What lessons can be drawn from the European management of the Greek crisis?
That the “small steps” method is now over, in that it has an ever-increasing cost, to ever-declining and precarious results. The third Greek adjustment programme is not yet complete, and we are already talking about a fourth. To use the phrase of the German academic Wolfgang Streeck: We are buying time at an increasingly prohibitive cost. This is simply not sustainable, either economically or politically.

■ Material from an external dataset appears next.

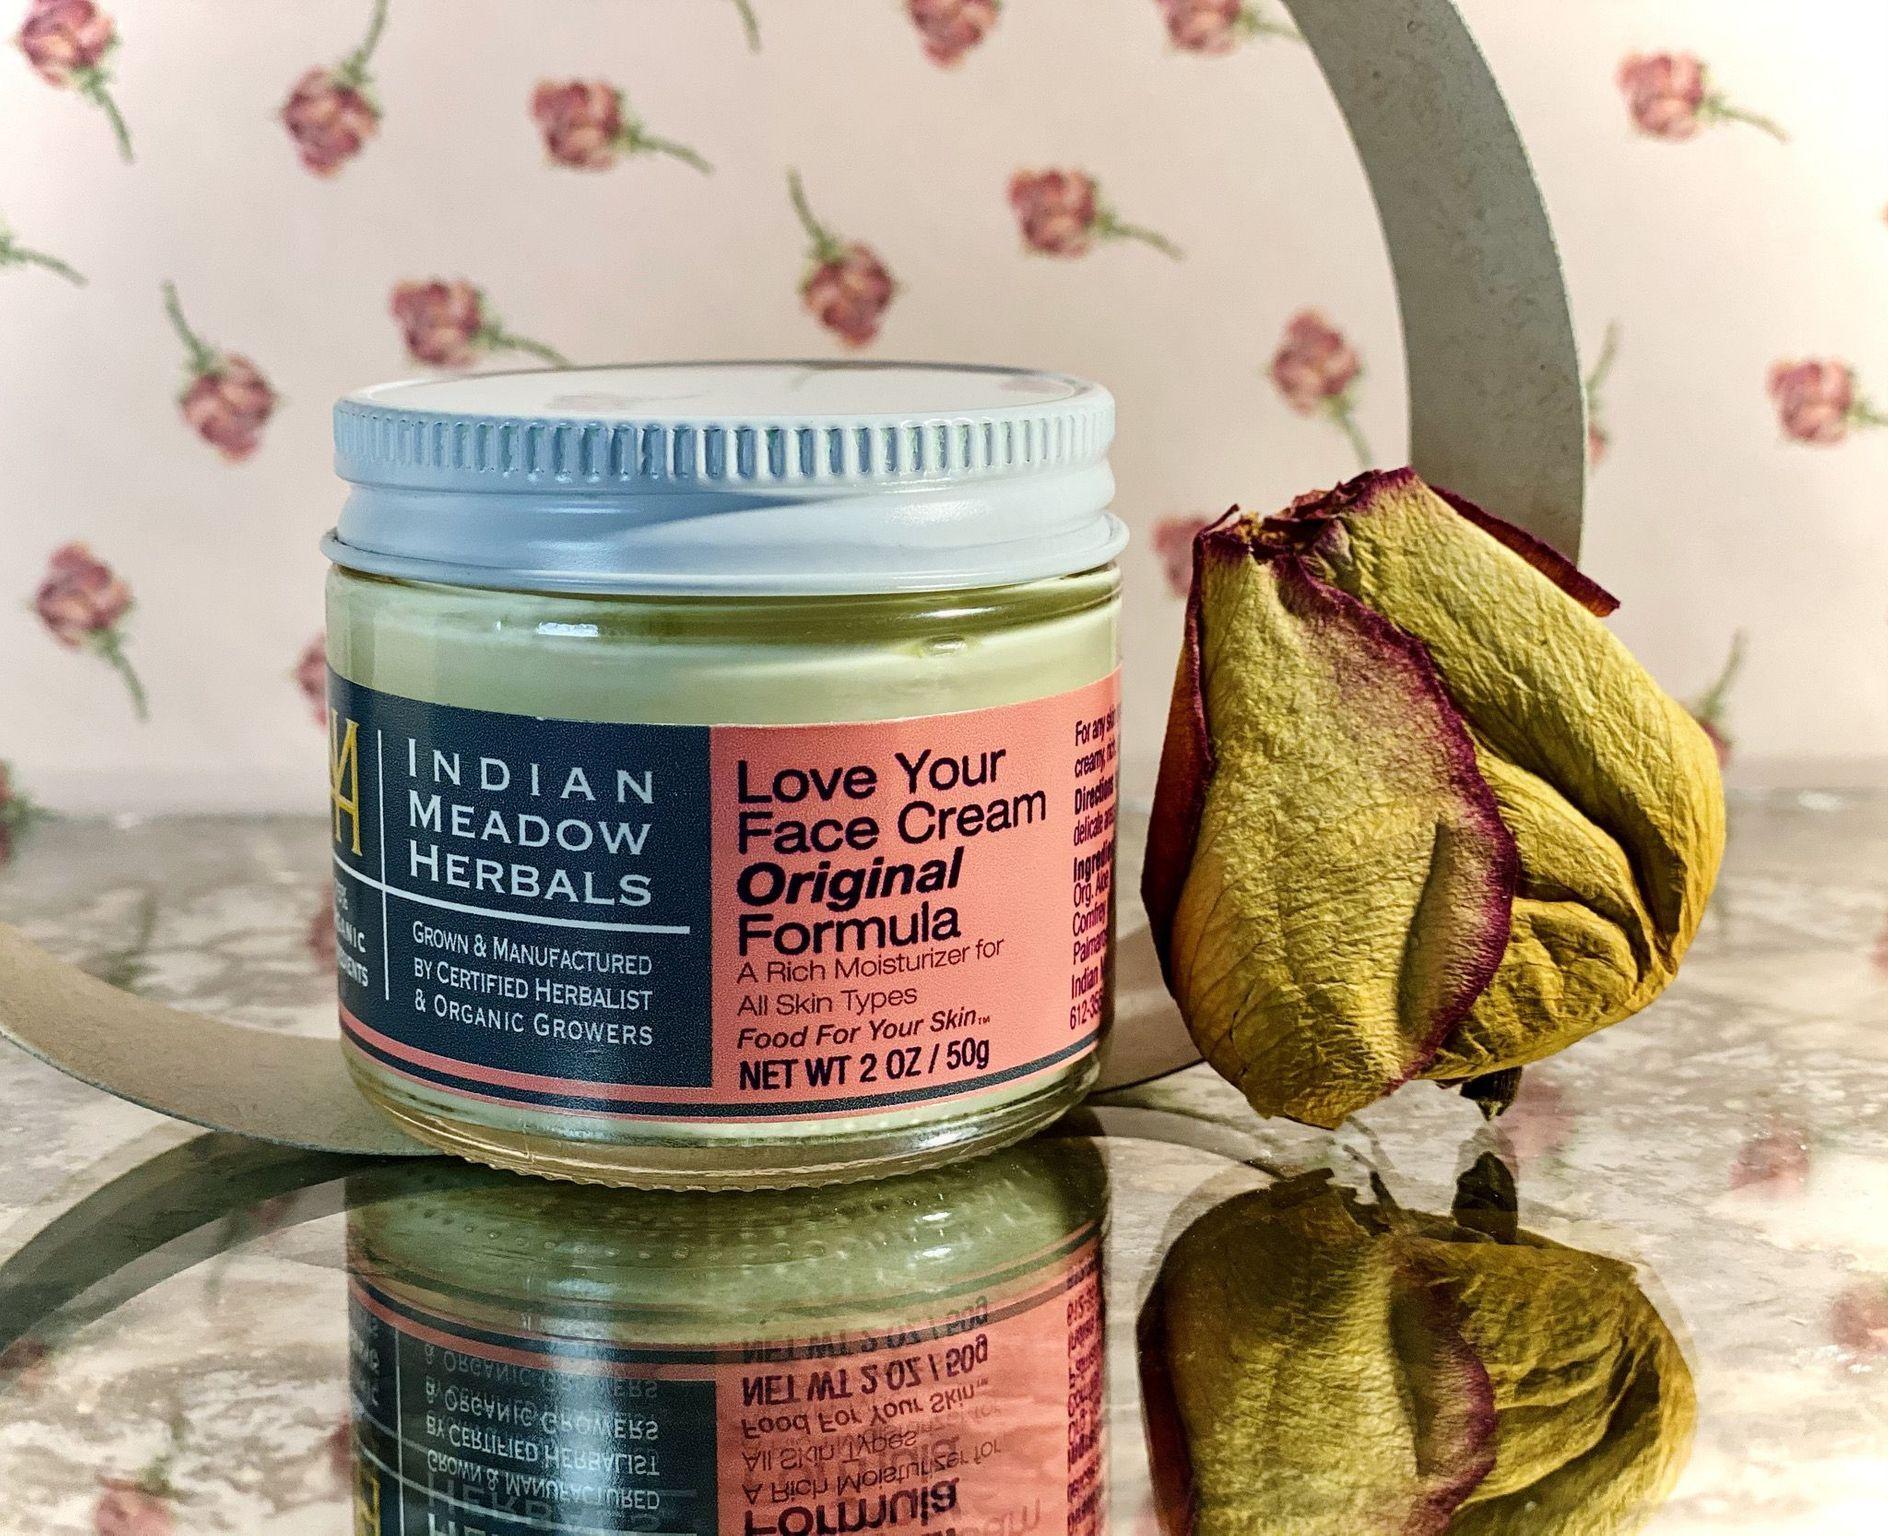 Love Your Face Cream - original formula

The very nature of the situation calls, sooner or later, for a definite response: exit / implosion of the euro area or debt mutualisation and wealth transfers, that is to say the choice between a Europe of dissatisfaction, the primary characteristic of which is the over-juridification of relations between member-states, with its share of humiliations and deadlocs, or Europe as a genuine democratic public power that creates common good.
It should be noted that a union of transfers already exists: it is called the internal market and it manages massive flows of wealth (capital, industry, technology, human resources, etc.) between member-states, but it does so according to the principle of competition between private interests, and this generates a dynamic aggregation of wealth in only one center, say Germany and the German bloc. A Europe of democratic political power is intended to institute a counter-union of transfers by distributing wealth according to a reverse, centrifugal dynamic, from the center to the periphery (territorial and social), according to the principle of electoral contest for the definition of general interest.
*Interview to Costas Mavroidis, translated by Ioulia Livaditi.